Using the L7|ESP SDK, we can create this configuration via YAML config file. For more information on the YAML config format or types of content that can be created with the YAML config format, please see the L7|ESP Python client documentation.

For this first Protocol, create the following file:

# Contents of: content/protocols/QC-Quantification.yml

QC Quantification:
    protocol: standard
    variables:
      - Type:
          rule: dropdown
          dropdown:
            - 'DNA'
            - 'RNA'
      - Ratio:
          rule: numeric

In this file, we’ve defined an L7|ESP Protocol that has two columns the user will input when filling out Worksheets: Type and Ratio.

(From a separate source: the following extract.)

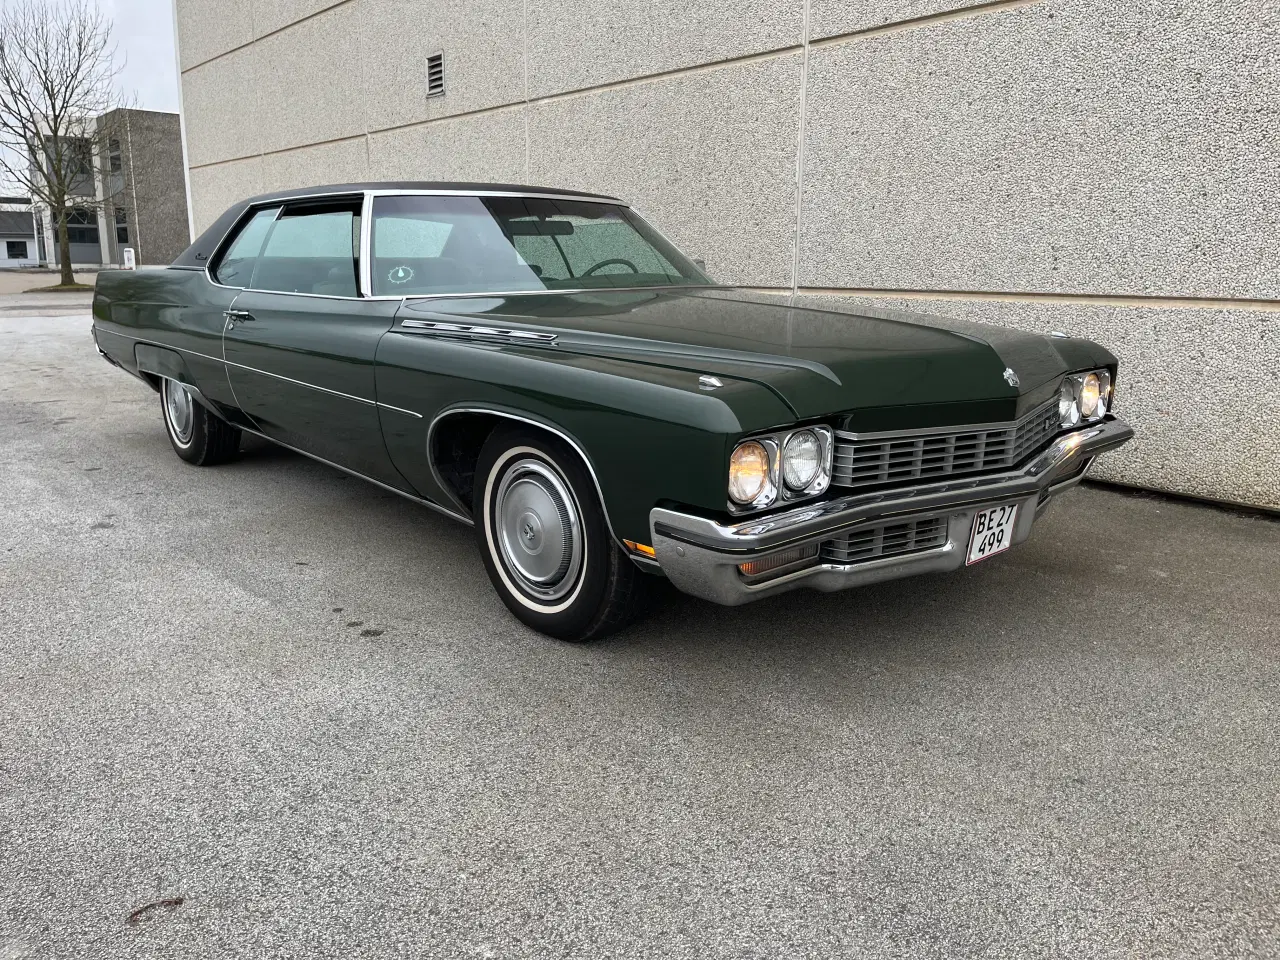 Billede 1 - Buick Electra 225 coupe
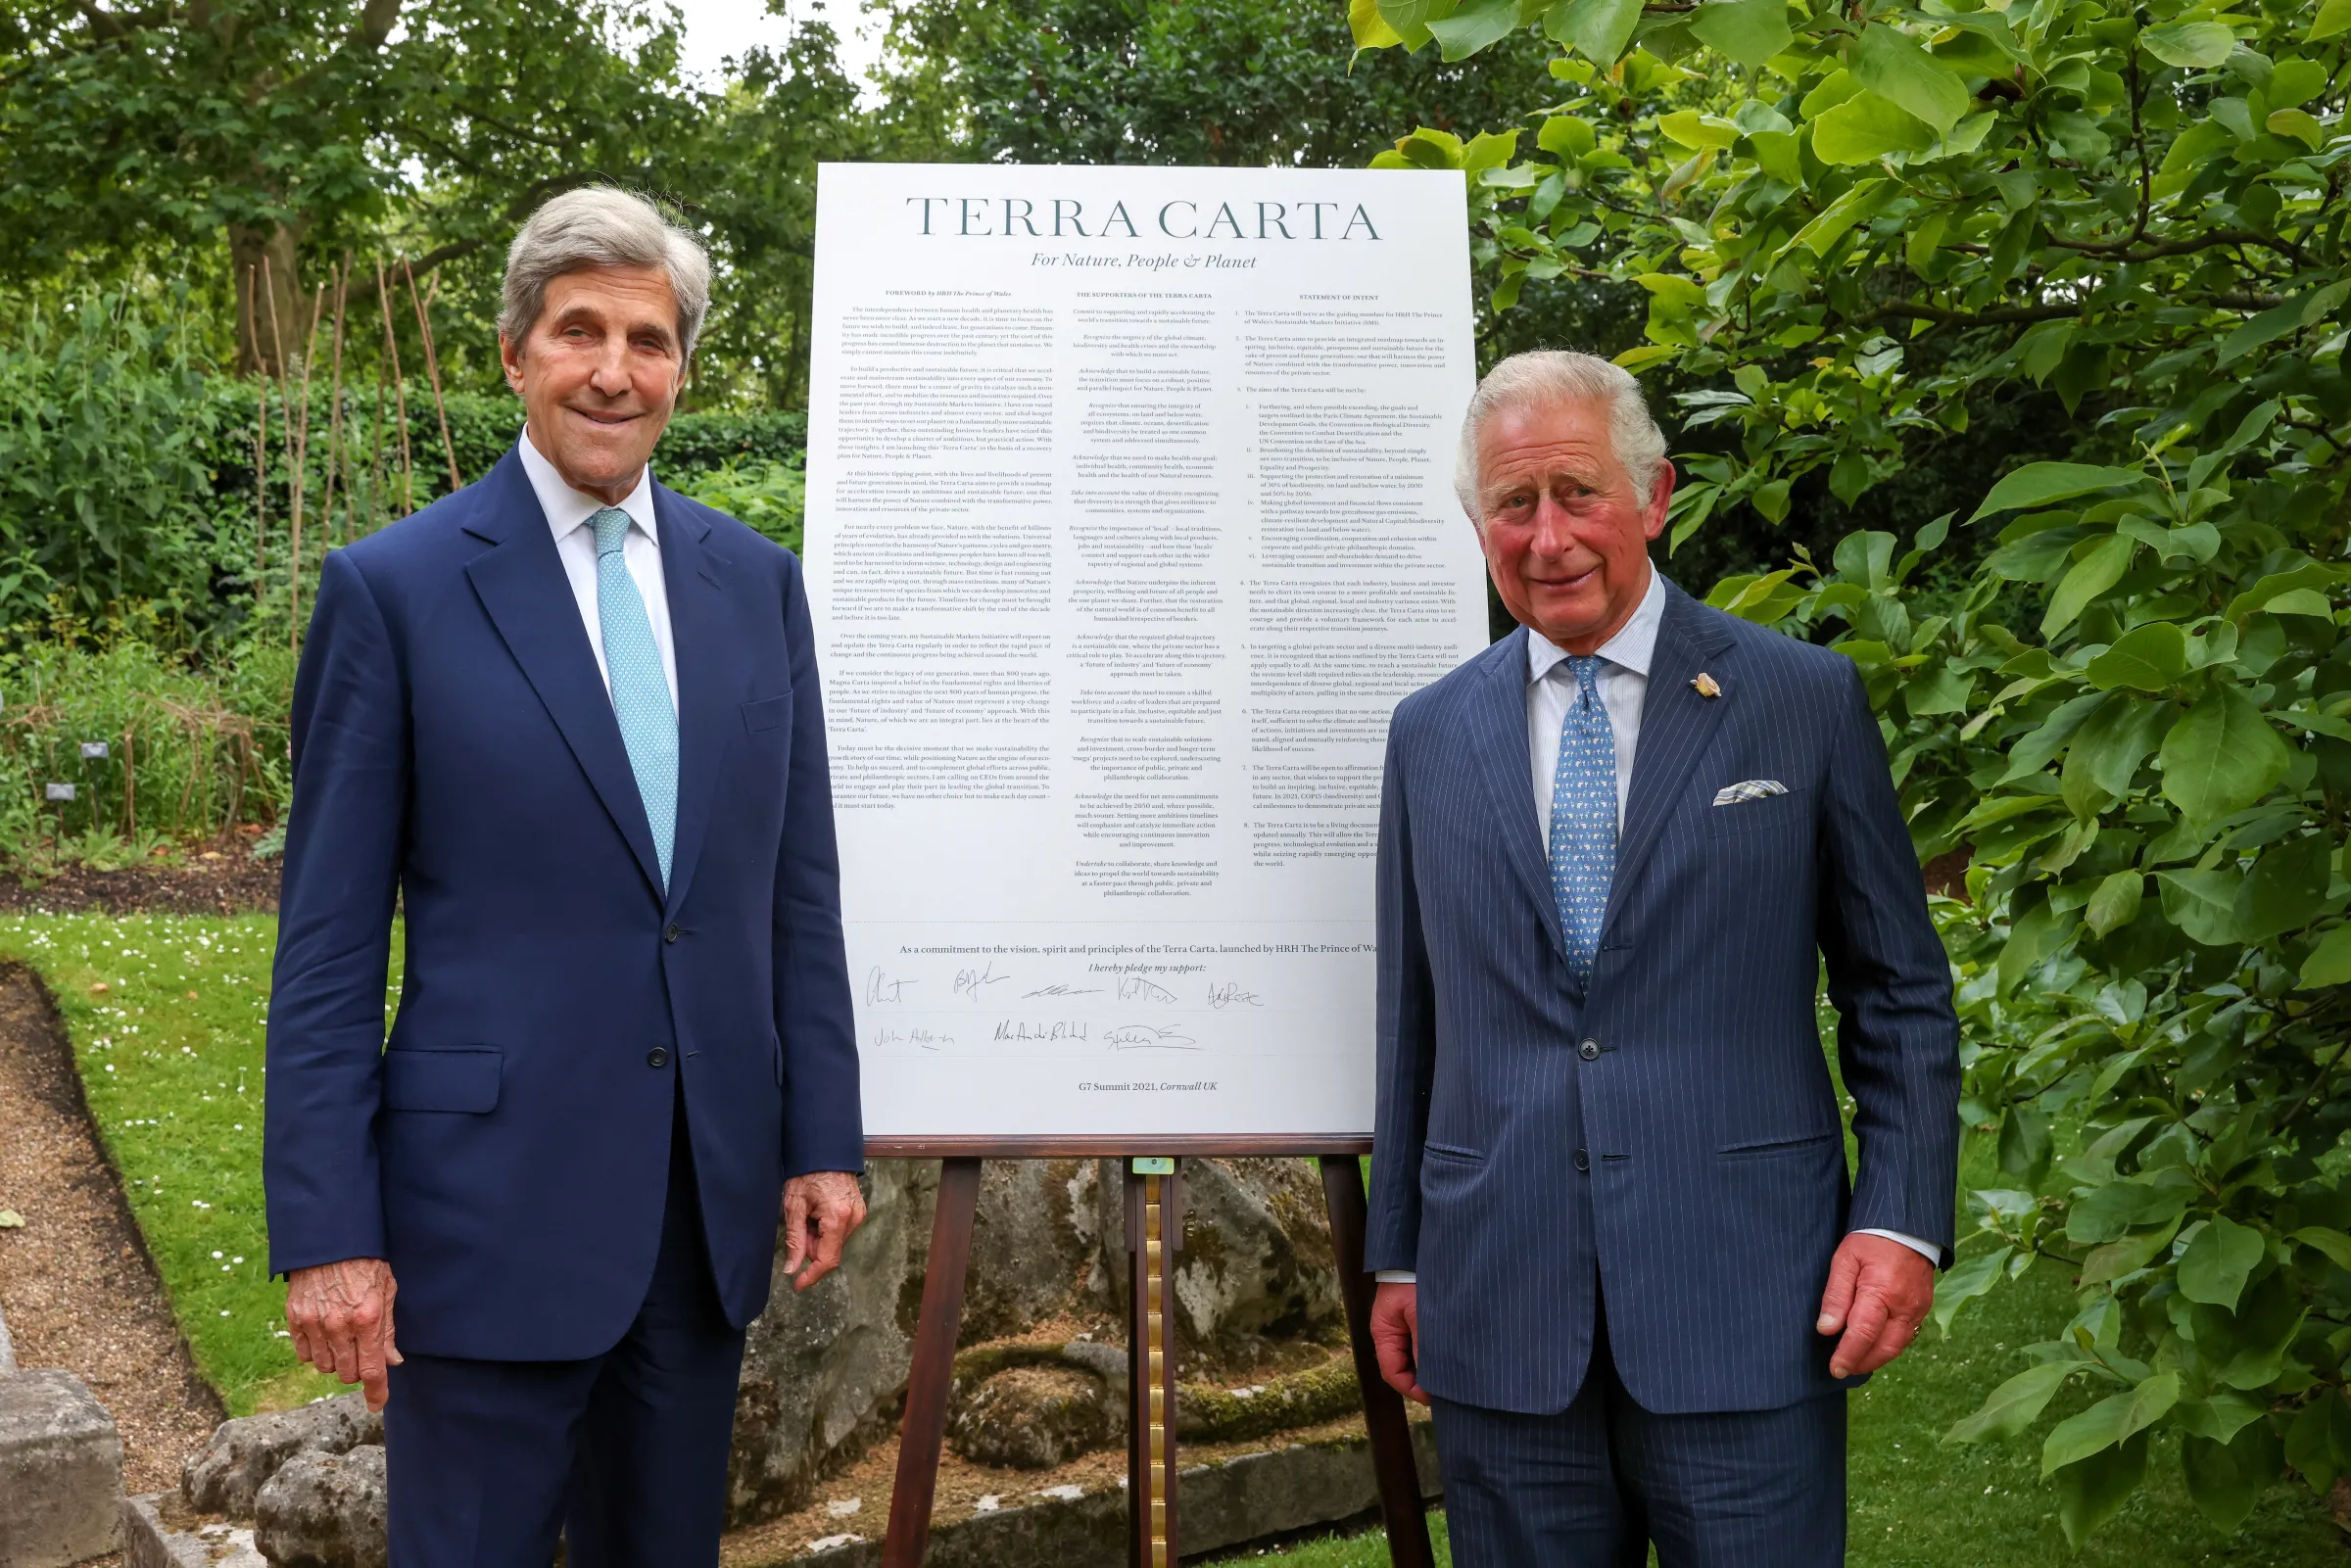 U.S. Special Presidential Envoy for Climate John Kerry poses in front of the Terra Carta with Britain's Prince Charles, who announced the Terra Carta Transition Coalitions at St James Palace, in London, Britain June 10, 2021. Chris Jackson/Pool via REUTERS

Type is a column of dropdown type with options DNA and RNA, and Ratio is a numeric column. Other types of Protocol columns include (also listed in the L7|ESP Python client documentation):

  • string - Column with text or string data.

  • numeric - Column with numeric data.

  • dropdown - Column with a dropdown selector. The options for the dropdown are specified as a list in the dropdown property.

  • checkbox - Column with checkbox indicating yes/no status.

  • date - Column with date picker for selecting calendar date.

  • attachment - Column for uploading file attachment.

  • link - Column with data containing external link.

  • barcode - Column for scanning barcode data and printing various types of barcodes (QR, 1D, Mini DataMatrix, etc.).

Note

This list may not be fully comprehensive. For the full list, please see the L7|ESP Python client documentation.

Along with this Protocol, we’re going to define an L7|ESP Pipeline and pipeline Protocol to include in our Workflow.

Step 2: Create a Pipeline to generate a Report:

To create a Pipeline for use in a Workflow, we need to create two things:

  1. A Pipeline that will generate a Report when given Type and Ratio QC data.

  2. A pipeline Protocol that will link the values from the QC Quantification Protocol to our Pipeline.

To start, define the report-generating Pipeline:

# Contents of: content/pipelines/QC-Report-Pipeline.yml

QC Report Pipeline:
  report:
    name: Result Report
    elements:
    - - depends:
        - {file: Result Report, tasknumber: 1}
        type: raw_file
    - []
  tasks:
    - Generate QC Report:
         desc: Task to generate QC report from workflow metadata
         cmd: |+
           # Simple Task that determines if the specified 'ratio' is in the proper range

           RNA_MIN=1.8
           RNA_MAX=2.1

           DNA_MIN=1.7
           DNA_MAX=2.0

           TYPE="{{ material }}"
           RATIO="{{ ratio }}"

           if [ $TYPE = "RNA" ]; then
               PASS=`echo  "$RNA_MIN <= $RATIO  && $RATIO <= $RNA_MAX" | bc`;
           elif [ $TYPE = 'DNA' ]; then
               PASS=`echo  "$DNA_MIN <= $RATIO  && $RATIO <= $DNA_MAX" | bc`;
           fi

           echo $PASS

           if [[ $PASS = 1 ]]; then
             echo "<b>Your sample <font color='green'>Passed</font> and contains pure $TYPE</b>" >> result.html
           else
             echo "<b>Your sample <font color='red'>Failed</font> and is NOT pure $TYPE</b>" >> result.html
           fi
         files:
           - Result Report:
               file_type: html
               filename_template: "{{ 'result.html' }}"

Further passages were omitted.